Руки дрожали, он уже несколько часов торчал в пробке перед блокпостом.
"Чертово правительство. Хотят всё контролировать. Ненавижу их. Всех ненавижу. Ненавижу ниггеров, что передо мной, позади меня, вокруг меня. Ненавижу мексиканцев, которые на меня таращатся. Ненавижу Старшего Брата, новостные телеканалы, банки, христиан, мусульман, иудеев. Мне нужно пиво и сигарета, иначе я кого-нибудь убью".
Его мысли ходили по кругу, раз за разом проигрывая запись всех несчастий, произошедших с ним за годы жизни. В его язвительных обличительных речах не было ни слова об ответственности за свои поступки, себя он видел исключительно жертвой обстоятельств. Жизнь подложила ему огромную свинью, и он устал делать вид, что всё в порядке. У человеческого терпения был предел.
Впереди тянулась длинная очередь машин, красные габаритные огни уходили вдаль ровной размытой дождем линией. Джесси, который любил, чтобы его звали Маршалл, нажал на педаль газа чуть сильнее, чем хотел, а машина впереди двигалась гораздо медленнее, чем надо, поэтому его грузовик стукнул эту машину в задний бампер. Он выругался, когда стоявший сзади фургон преградил ему путь к отступлению.
Он обернулся. Человек в задней машине тряс головой и размахивал руками. В залитом водой лобовом стекле проглядывала его черная физиономия.
"Ты меня ударил, пидор. Ну, всё. Я устал от всего этого. Врезался в меня и теперь всё выставляешь так, будто это моя вина? Не уважаешь меня? С меня хватит. Меня больше никто не ударит. Ты ещё и орешь там что-то? Ну, у меня для тебя кое-что есть"
Руки тряслись, глаза налились кровью. Дышащий ненавистью, Джесси вышел из машины с дробовиком в руках. Холодные капли дождя заливали лицо.
Оружие в руках помогало чувствовать себя сильнее. "Я всё сделаю, как надо, пидарасина ты гнилая. Сейчас ты познакомишься с Маршаллом".
Нэшвилл. Теннесси.
Она умоляла его никуда не уходить и Леон послушался, потому что любил свою жену, да и конкретного плана действий у него не было. Она была консервативной, чувствительной женщиной и требовала ответов, которых у него не было. Она ждала. Насилие во всем районе набирало обороты. У них кончилась вода и еда, и ей пришлось продавать за них свои навыки медсестры. Она лечила огнестрельные раны и инфекции, вокруг них постепенно концентрировалась вся община, поэтому, поначалу, Леон даже был рад, что послушался её. Может, их жизнь наладится и они смогут пережить войну.
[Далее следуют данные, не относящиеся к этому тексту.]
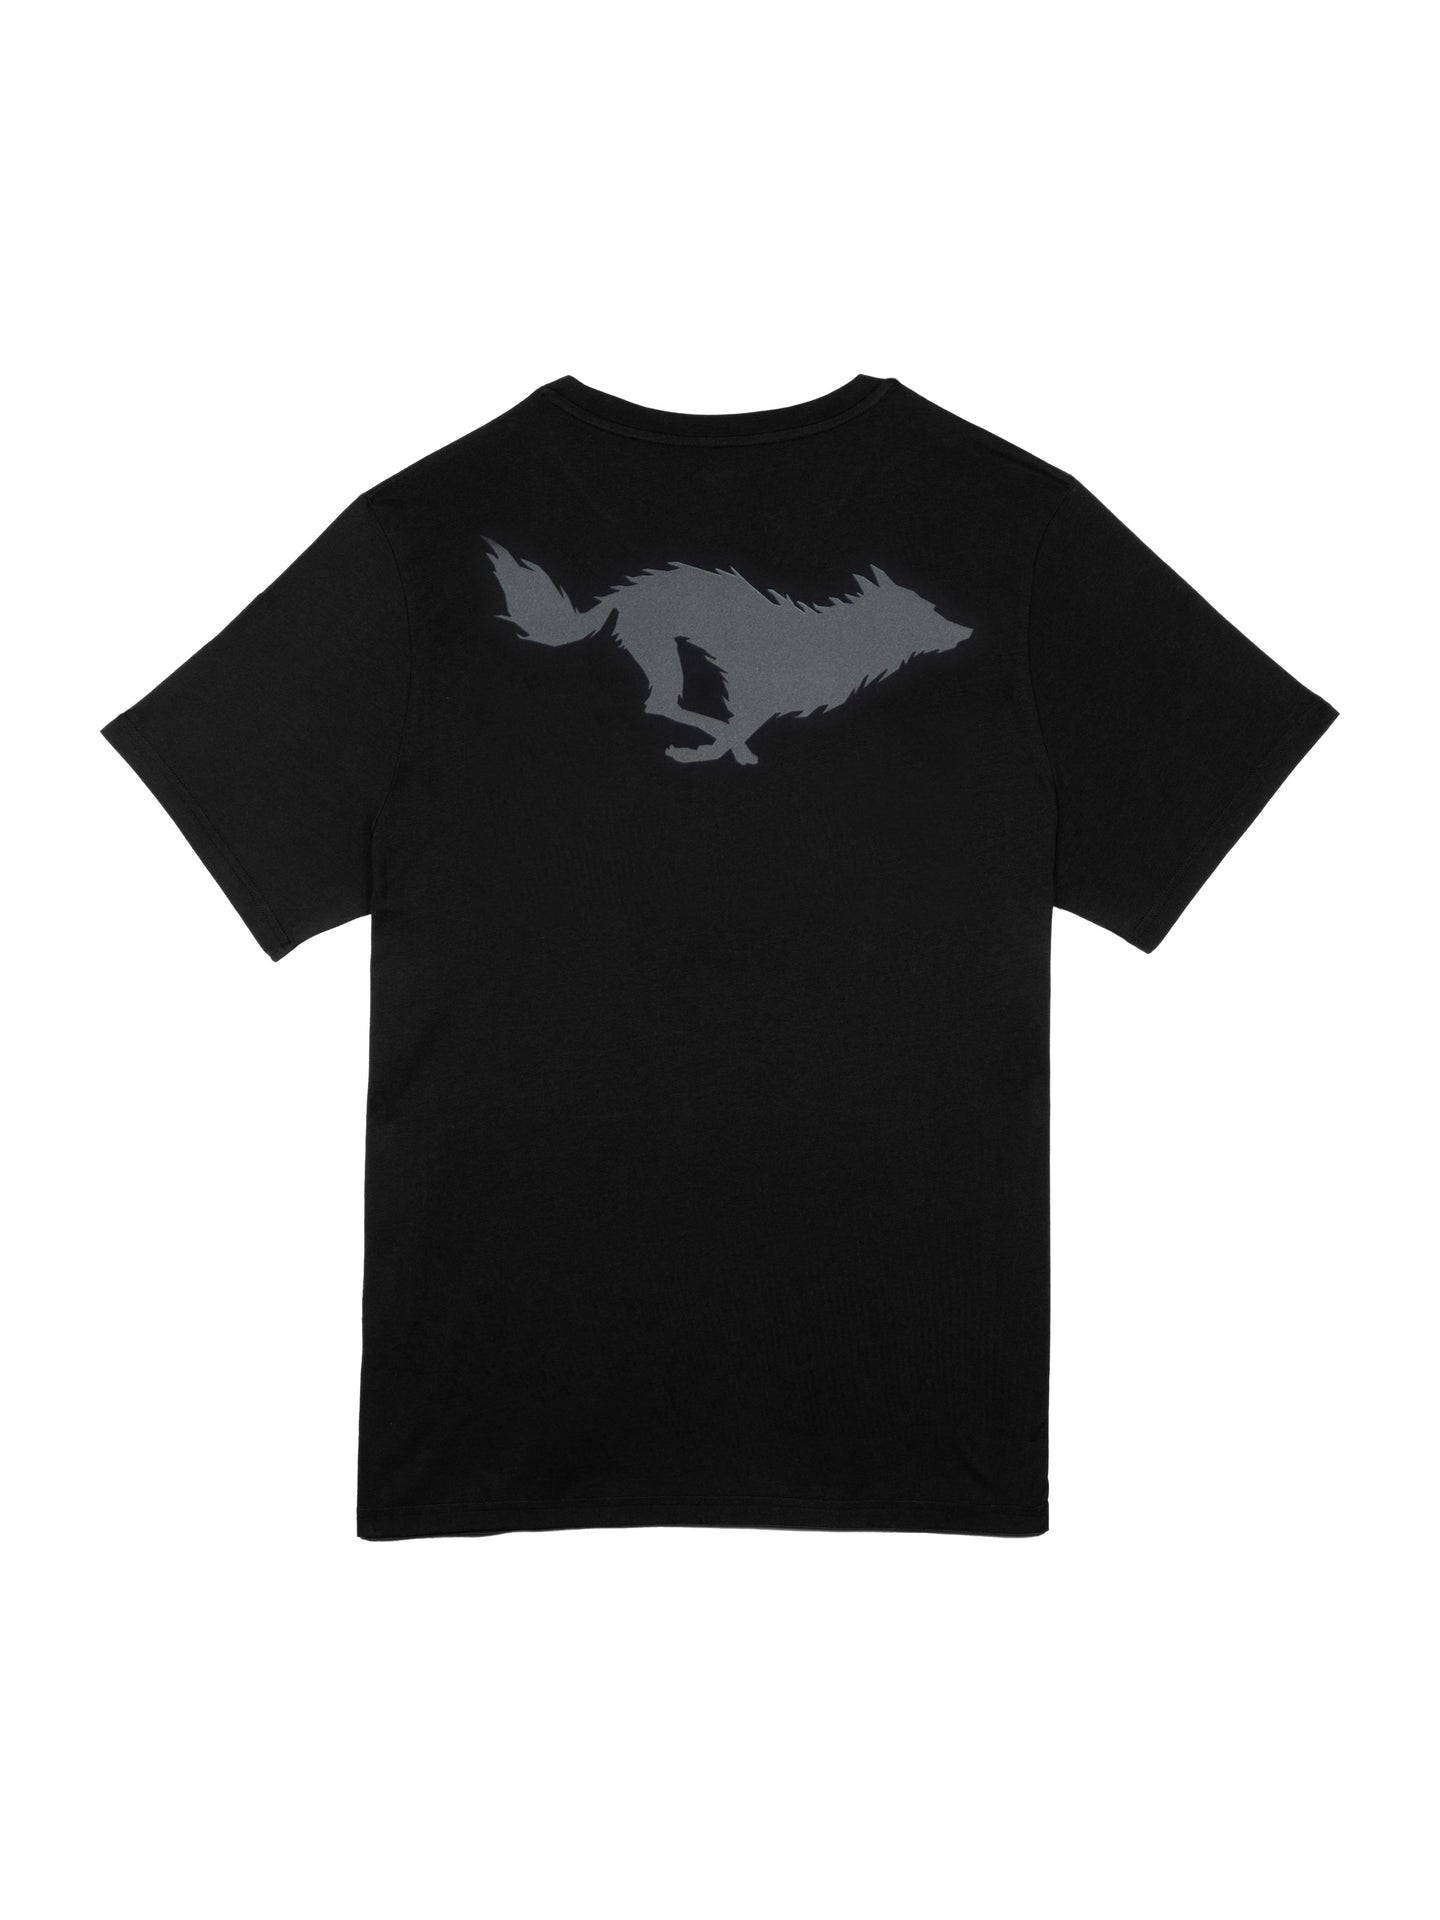 Lobo Black/Grey T-shirt

Он гордился женой и сыновьями. Те вели себя спокойно, не хныкали и не ревели.
По вечерам они рассказывали друг другу разные истории, пели песни. Иногда к ним присоединялся кто-то из соседей. Люди помогали друг другу. Они много молились, читали Библию, создавалось какое-то единство, которое у Леона неизменно вызывало улыбку. Гаитянцы и азиаты вместе пели, сидя в самодельной церкви, переделанной из офиса. Звучали песни на испанском, английском, французском и корейском. Языки были разными, но песни были наполнены одинаковым смыслом, люди понимали мелодию и ритм и на пяти разных языках, в полумраке слышались всё те же "Господь наш велик" или "Великая благодать" и никому не требовалось перевода.
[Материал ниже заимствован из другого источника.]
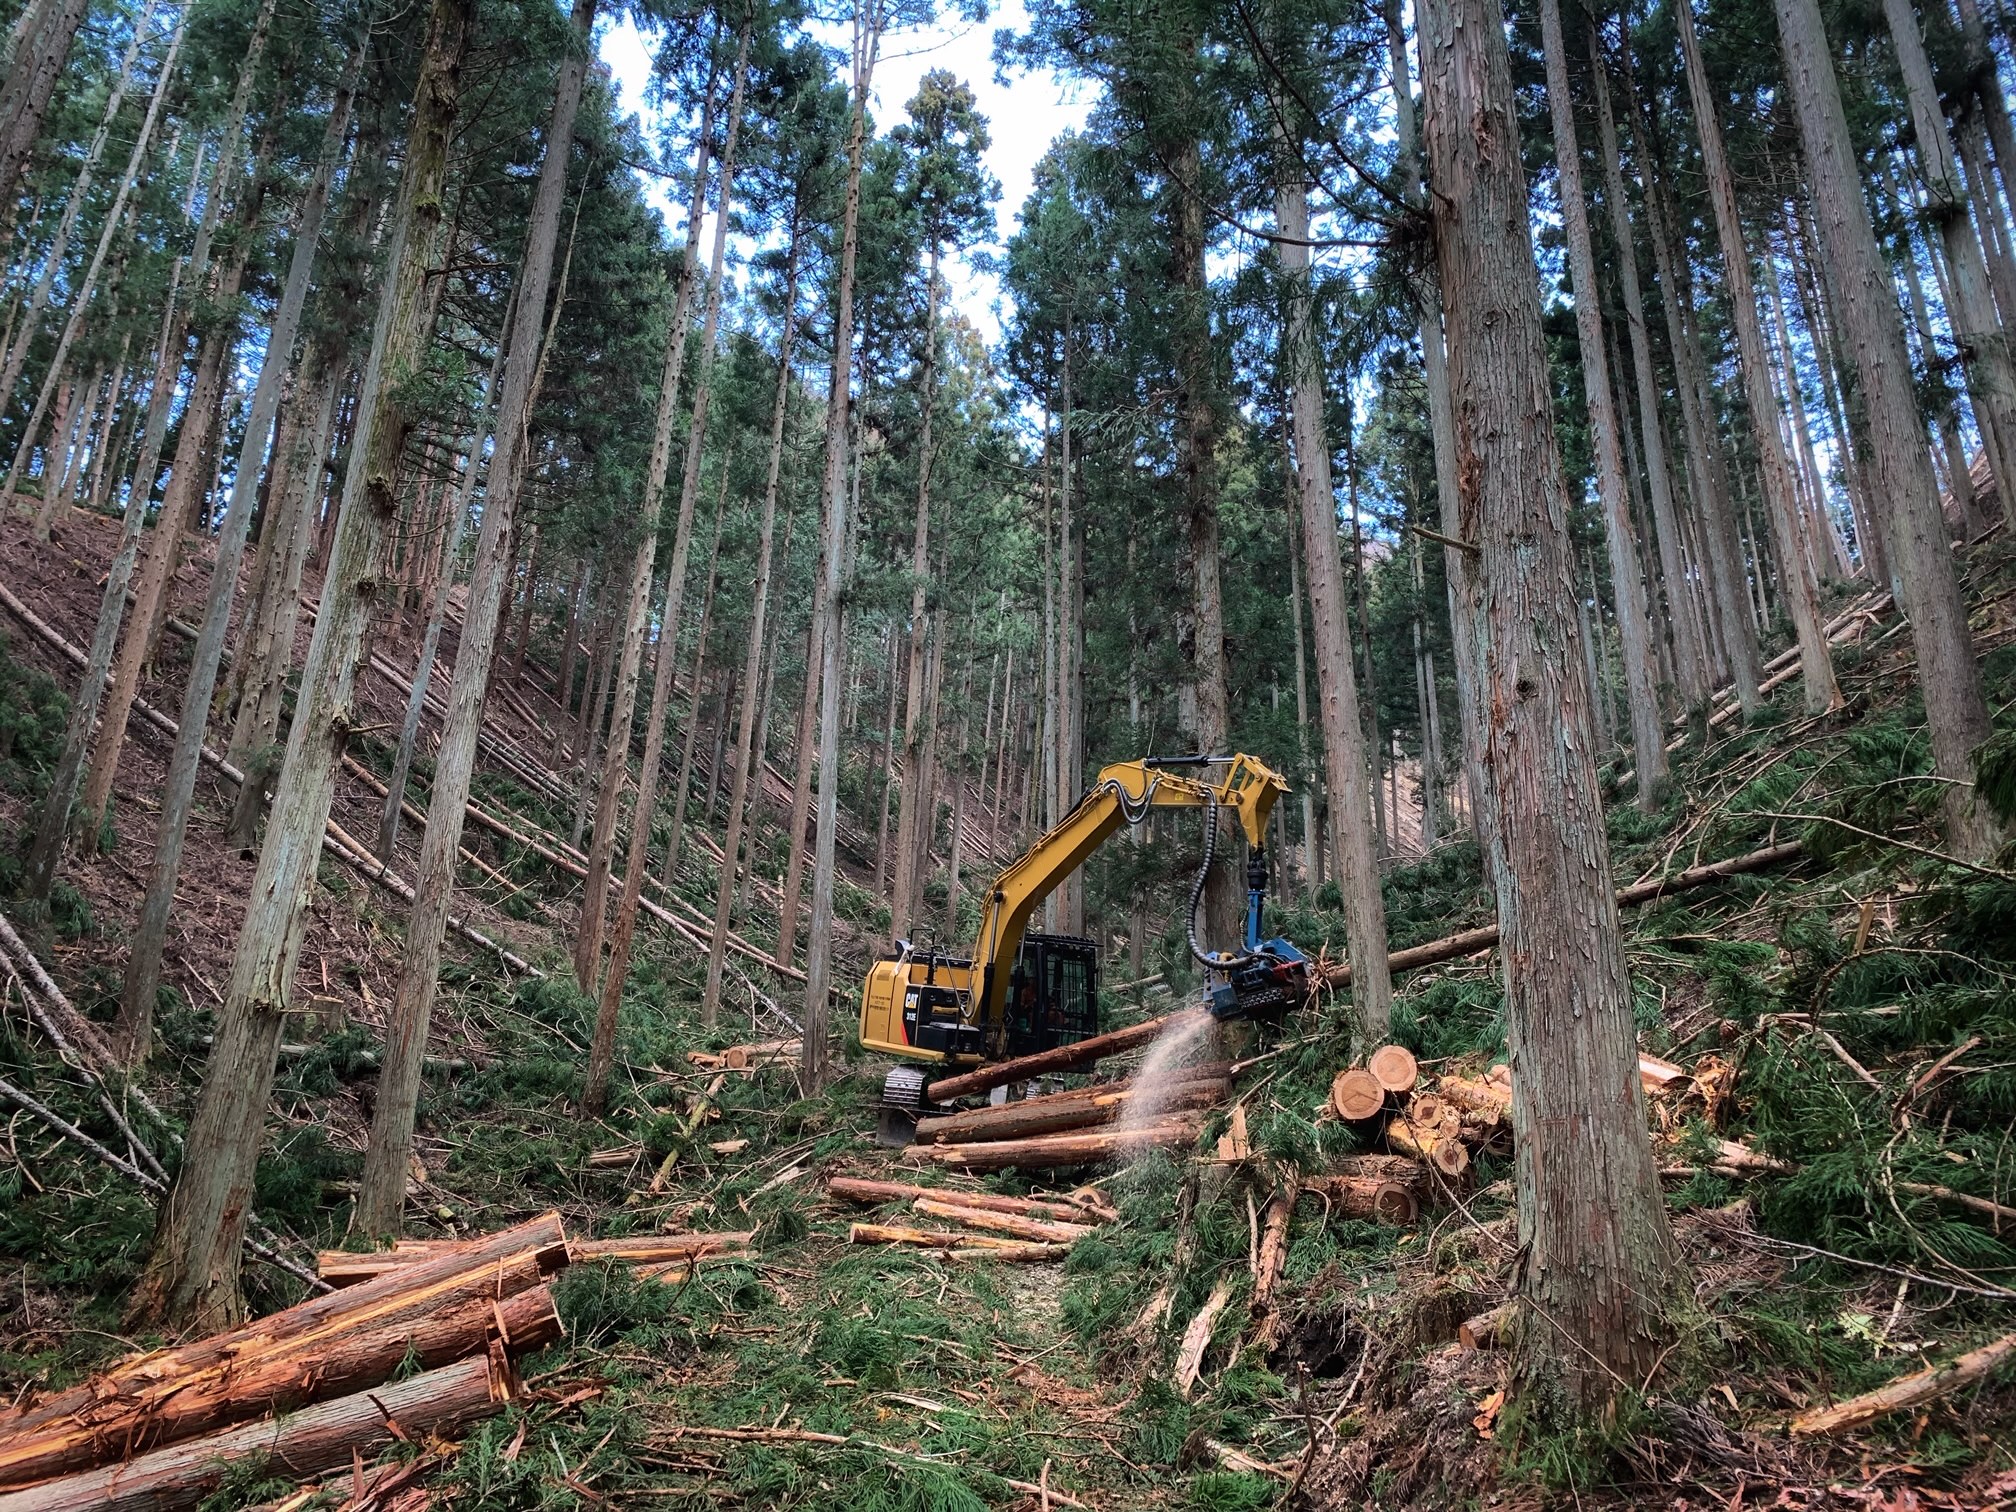 地域の森林を守り育てる、やりがいのある仕事です。

Всё шло прекрасно, было преисполнено надеждой. Когда голоса возносились к небесам, Леон чувствовал слезы на своих щеках, в воздухе стояло нечто, что объединяло людей и тогда Леон впервые искренне уверовал в бога. Это единство было больше, чем просто товарищество. То, что объединяло людей, невозможно было объяснить с научной точки зрения. Это было настолько мощным, настолько сильным, что оказывалось вне пределов обычного человеческого восприятия. Леон был знаком с религией, воспитывался в баптистской семье, но происходящее казалось ему чем-то новым и неизведанным.
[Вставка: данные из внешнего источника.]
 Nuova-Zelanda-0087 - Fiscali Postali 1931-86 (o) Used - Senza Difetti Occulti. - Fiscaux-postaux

Но по мере сокращения запасов, насилие становилось всё более открытым и жестоким. Людей убивали за банку консервированного супа, собачьего корма или порошкового детского питания. Со временем, Леон снова впал в депрессию. Снова стал злым.
Они ждали слишком долго, ждали знака свыше и время пришло. Она согласилась уйти. В грузовик они погрузили всё, что смогли и сыновья приготовились к большому приключению.
Белльвью. Теннеси.
Леон выругался, когда ударился бампером о впередистоящий грузовик. Этот парень оказался совсем невнимательным. Впрочем, воздушные подушки не сработали и никто не пострадал. Судя по всему, этот грузовик врезался в кого-то впереди и Леон лишь надеялся, что никто не пострадал.
Леон опустил боковое окно и вытащил вперед руки в извиняющемся жесте и крикнул:
- Моя вина. Вы в порядке?
Дверца грузовика открылась и из машины вышел бородатый деревенский мужик с дробовиком наперевес. Его лицо освещалось огнями стоявших рядом машин и в нем не было ничего, кроме жажды убийства.
Леон опустил руки на кобуру, а мужик шагнул вперед.
- На пол! - крикнул он жене.
Леон быстро открыл дверь, одновременно выдергивая револьвер из кобуры. Ветровое стекло брызнуло на него осколками и он почувствовал на лице что-то липкое и горячее. Крик жены смешался с выстрелами дробовика, с испуганными воплями детей, с руганью мужика.
Леон упал на сырой асфальт, направляя своё оружие куда-то вперед. Прозвучал ещё один выстрел, на этот раз, в дверь, и Леон ослеп на один глаз. Лицо горело.
Он выстрелил, целясь по ногам. Промазал. "Черт. Всего пять футов. Как же я не попал? Или попал? Боже. Дети. Жена. Господи". Быстро двигаться он не мог. Всё происходило одновременно в замедленном и ускоренном темпе, будто в кошмаре. У него кончились патроны, а противник был слишком быстр. Асфальт был сырым и холодил щеку, ему показалось, что он чувствует дрожь дороги. Всё вокруг светилось красным.
Перед ним появилась пара ботинок, а в голову уперся ствол дробовика. Леон в отчаянии снова нажал на спусковой крючок. Кошмар продолжался и он, как в дурном сне, беспокоился обо всём одновременно и никуда не успевал.
В машине плакали дети. Он думал о том, что подвел их, что должен был их защитить, дать им лучшую жизнь, хотел попытаться ещё раз.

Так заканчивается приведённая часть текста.